Проживает Дженнаро несравненно больше какого-нибудь чиновника из Dicastero dell’interno
[182], хотя не держит квартиры, обедает в самой отвратительной gargotta
[183], и то по большей части заставляет себя угощать даром. Пьет он много, но, как неаполитанец, пьянеет сразу, а в Неаполе пропивать столько, сколько может он добывать – дело не легкое. Но Дженнаро страстный волокита, ревностный cavaliere servente и очень угодливый вздыхатель. Каждый день он влюблен в нескольких красавиц из хора Teatro Nuovo или la Fenice. В любви, впрочем, он не разборчив. Артистке он отдает сердце скорее, чем женщине, занимающейся делом даже в его глазах унизительным, но и те не встречают в нем убийственной жестокости. Дженнаро – аристократ в полном смысле этого слова, по наклонностям и по образу жизни. Никогда, в течение всей своей жизни, не покидал он самой аристократической части города: Santa Lucia, Riviera di Chiaia, Chiatamone, и королевский сад Villa Reale. Он встает очень поздно, обедает вечером, пьет кофе и делает кейф, как сам герцог Сиракузский. Кроме того, Дженнаро уважает только людей, имеющих собственные экипажи, живущих в богатых отелях и всегда щегольски одетых. Притом он не любит снобов; наконец, он смеется над англичанами, хотя от них зарабатывает всего больше. Особенной симпатией Дженнаро пользуются некоторые русские семейства, с которыми он успел познакомиться. В них любит он задушевную, порой разгульную сторону характера, которую не вполне заглушают привычки светской жизни.

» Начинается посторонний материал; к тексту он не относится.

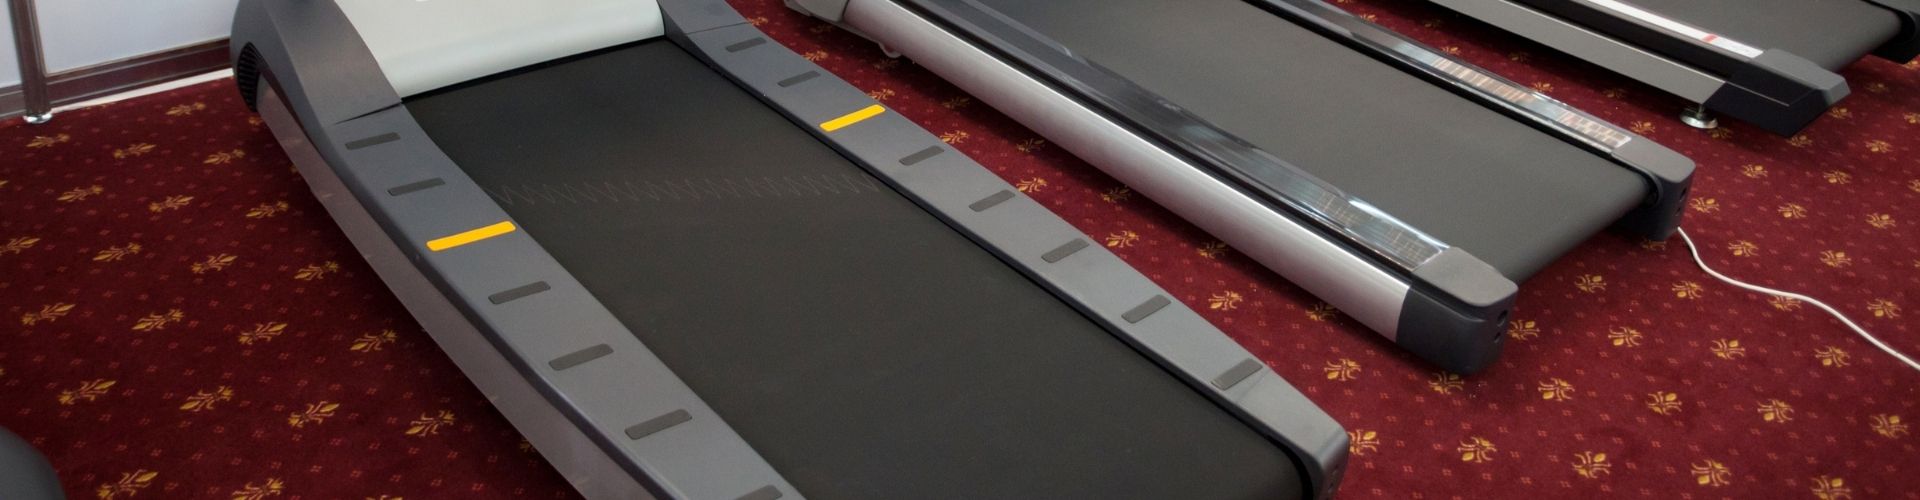 treadmill mat for carpet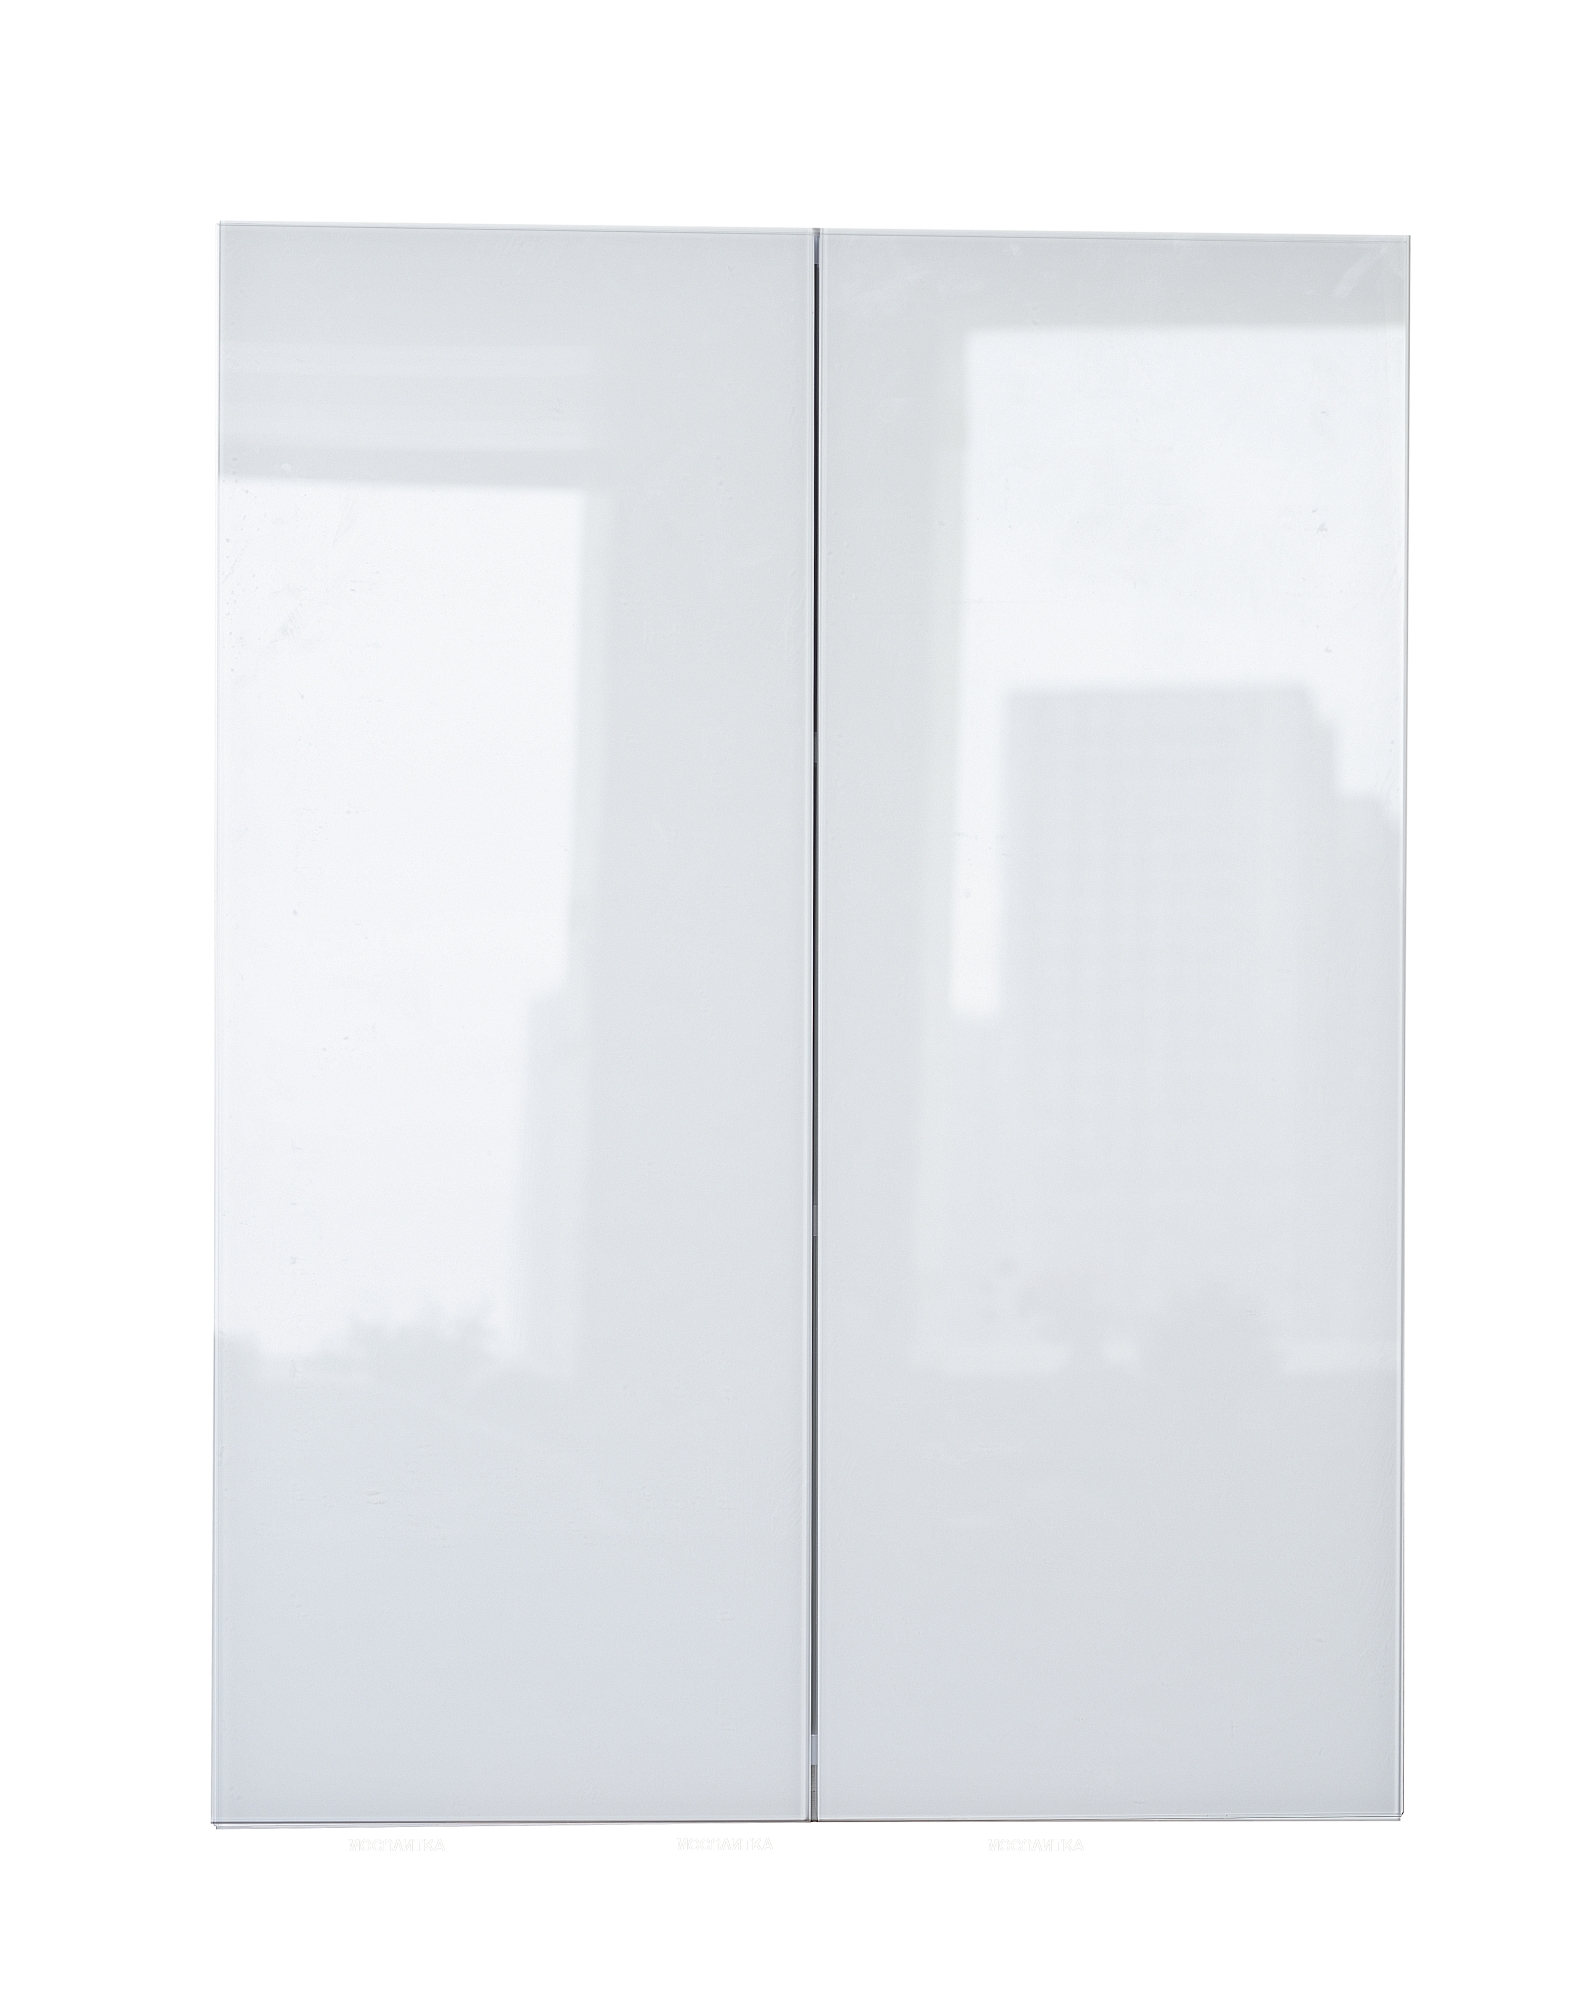 Подвесной шкаф Style Line Даймонд 60х80 СС-00002255 люкс белый - изображение 2

Вместе с тем Дженнаро – отчаянный dilettante; он любит поболтать об искусстве вообще, о возвышенном в музыке; говорит порою страшную чепуху, необходимый результат его невежества и отсутствия всякого художественного изучения. Зато у него столько врожденного чувства изящного, такие громадные способности уха и голоса, что, без сомнения, он мог бы занять очень почетное место в кругу современных артистов, если бы когда-либо серьезно взглянул на искусство. У него так сильна музыкальная память, что он неоднократно повторял при мне наизусть целые оперы, прослышанные им один или два раза, но, конечно, переделав их по-своему. Скажу наконец, что он поет несколько русских песен, заучив по слуху их слова и мотивы, но не понимая вовсе их смысла.